Archived

This forum has been archived. Please start a new discussion on GitHub.

pauses in data distribution

Greetings

We have developed a distributed system (diagnostic testbed for
electrical system) based on the IceStorm publish-subscribe system.
While running our system, we frequently observe pauses in data
transmission to all subscribers when a new agent (publisher/subscriber)
subscribes to or unsubscribes from the IceStorm server.

In order to evaluate these delays, we have performed an experiment using
the Clock example included in the IceStorm example.

We made the following changes to Publisher.java:

//Changing the for loop with a while loop
while (true)
{
clock.tick();
try {
Thread.sleep(300);
} catch ( InterruptedException tex) {
System.out.print("interrupted");
}
}


We also added an integer to the printout to better monitor the progress
of the output in ClockI.java

public class ClockI extends _ClockDisp
{ int m_counter=0;

public void tick(Ice.Current current)
{
m_counter = m_counter % 10;
System.out.println("tick" + m_counter++);
}
}

In addition, we changed the clock proxy to twoway in Subscriber.java to
better reflect our setup in our own architecture.


We ran one publisher and up to 30 subscribers. When starting a new
Subscriber we often noticed a pause of data flow (~20sec) to all
subscribers but we did not recognize a pattern. Sometimes, we were able
to start several subscribers without pause and other times
pauses occurred more frequently. We also noticed pauses
when shutting down the Subscribers (control-C) about 50% of the time.
Below is a list of outputs from the IceStorm server:


// Starting a new subscriber -- do difference between cases that started
// normally and cases that interrupted data flow.
[ icebox-IceStorm: Topic: Subscribe: 8f:e8:e4:c:77fce653:10dc230ed58:-8000 ]


// Unsubscribing a Subscriber without interruption of data flow.
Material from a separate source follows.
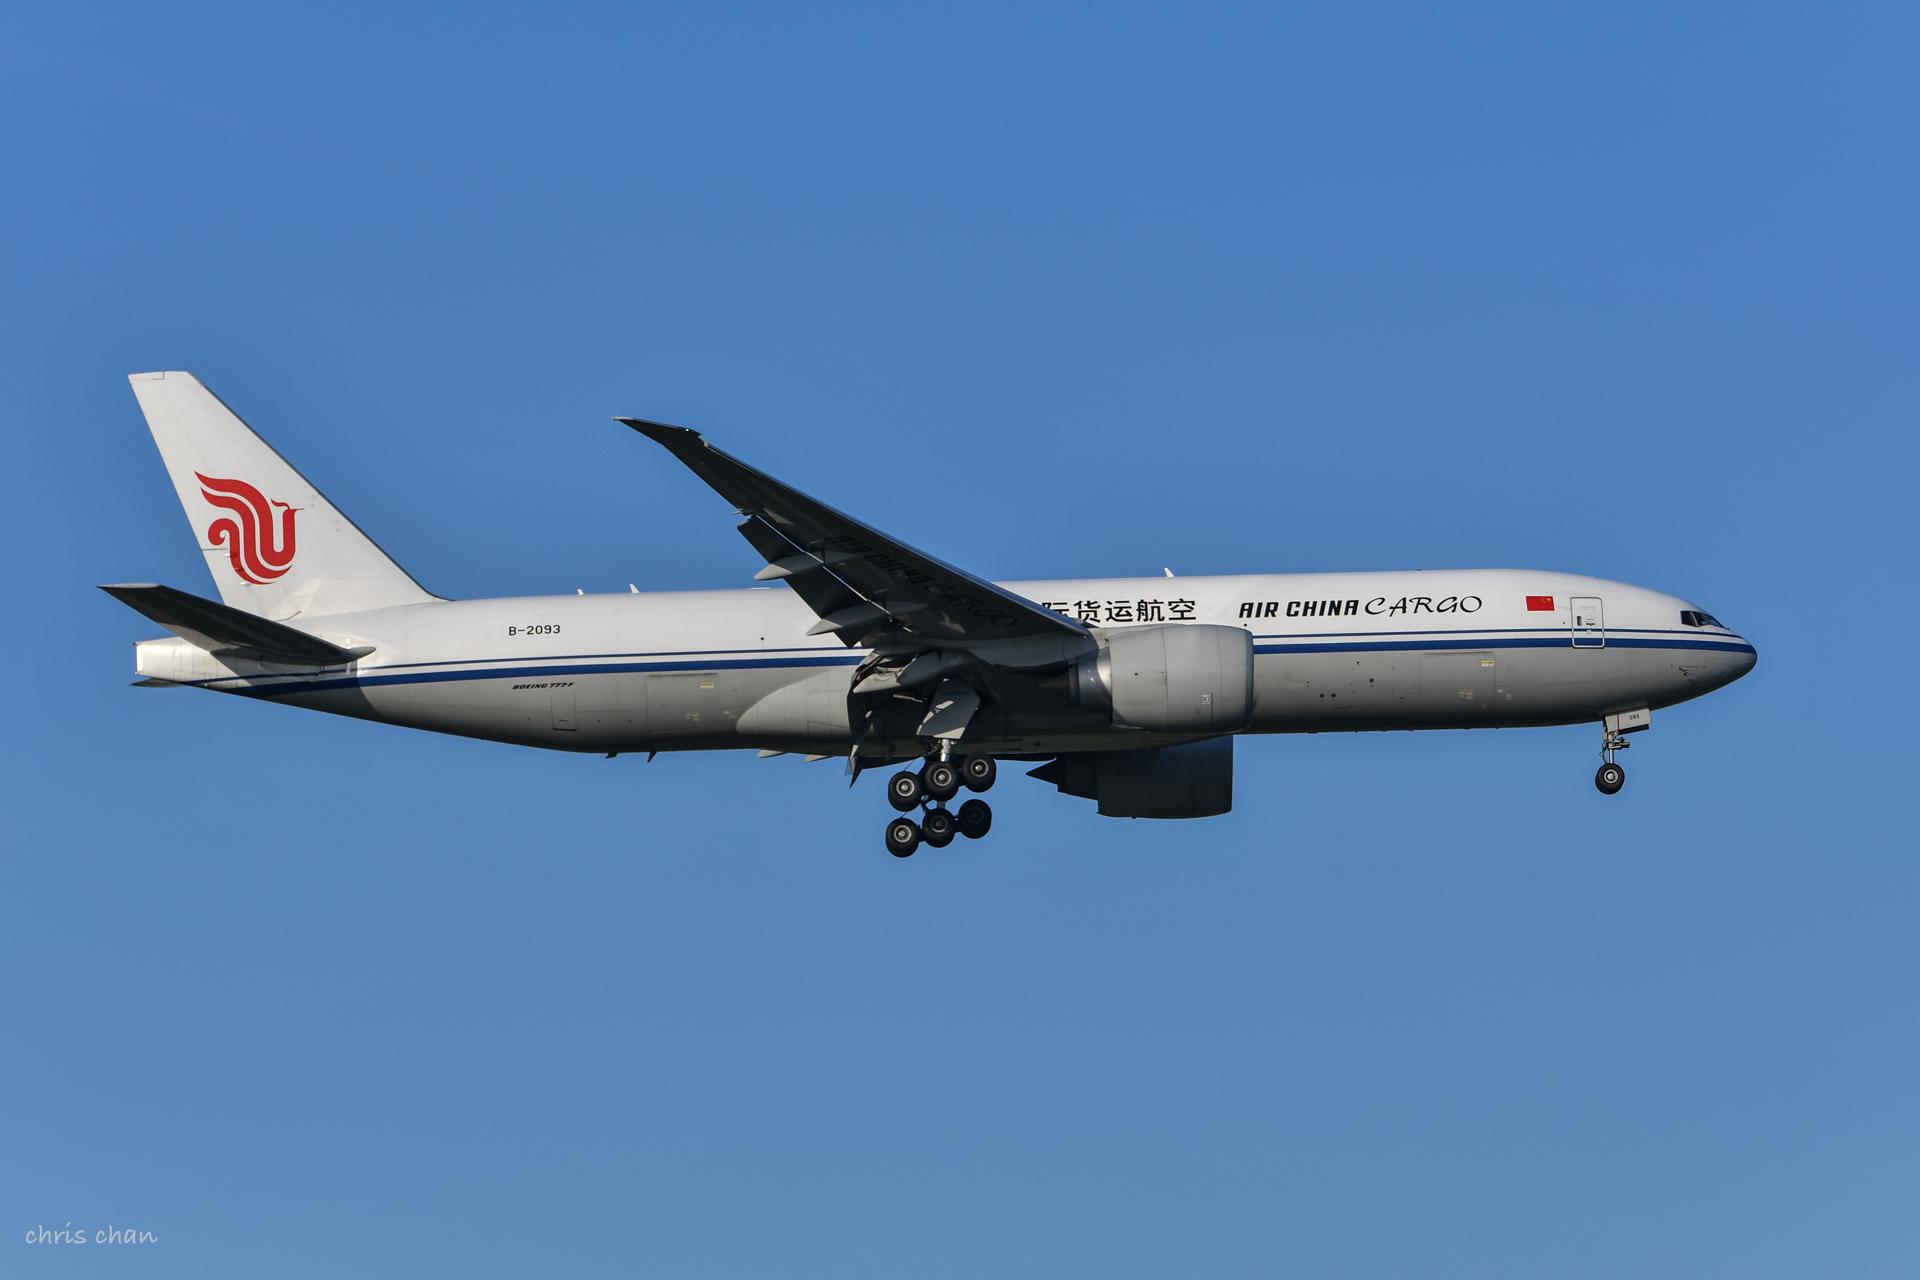 Re:[原创]新人报道——PVG首拍 BOEING 777-200 B-2093 中国上海浦东国际机场

[ icebox-IceStorm: Topic: Unsubscribe:
8f:e8:e4:c:7b4a383f:10dc2287e1b:-8000 ]

[ icebox-IceStorm: Subscriber: Unsubscribe
8f:e8:e4:c:7b4a383f:10dc2287e1b:-8000 ]


// Unsubscribing a Subscriber that resulted in interruption of data flow.

[ icebox-IceStorm: Subscriber: 8f:e8:e4:c:199048f2:10dc2287e9d:-8000:
publish failed: .\Network.cpp:669: Ice::ConnectionRefusedException:
connection refused: WSAECONNREFUSED ]

[ icebox-IceStorm: Topic: Unsubscribe:
8f:e8:e4:c:199048f2:10dc2287e9d:-8000 ]

[ icebox-IceStorm: Topic: 8f:e8:e4:c:199048f2:10dc2287e9d:-8000: not
subscribed. ]


We have not observed any pauses when starting or stopping additional Publishers.

Does anybody have any clues why the delays happen? For our distributed
system, we have sometimes observed delays of more than a minute,
something that is not acceptable for our "real-time" electrical system
health monitoring system.

We would appreciate any information that may help us solve this problem.

Christian Neukom

Comments

  • matthew
    matthew NL, Canada
    A very similar question was asked by a member of your research group :)http://www.zeroc.com/vbulletin/showthread.php?t=2474

    I suspect the same problem. If you are using the default configuration then you can get pauses when connecting. Also note that when using Java you can expect some pauses for garbage collection.
  • pauses in data distribution

    Hello,

    We continued our testing using the C++ clock example this time. We also increased the thread pool.

    Ice.ThreadPool.Server.Size=50
    Ice.ThreadPool.Client.Size=10

    We see the same problems. Any other suggestions? Thanks.

    -Chris
  • matthew
    matthew NL, Canada
    50 threads in the pool is too high. 10 is likely a suitable number. Do you have unreachable endpoints in your proxy configuration (from running VMware or similar on your host).

    You should run IceStorm with Ice.Trace.Network=2 to see the network connections that IceStorm is attemping to establish.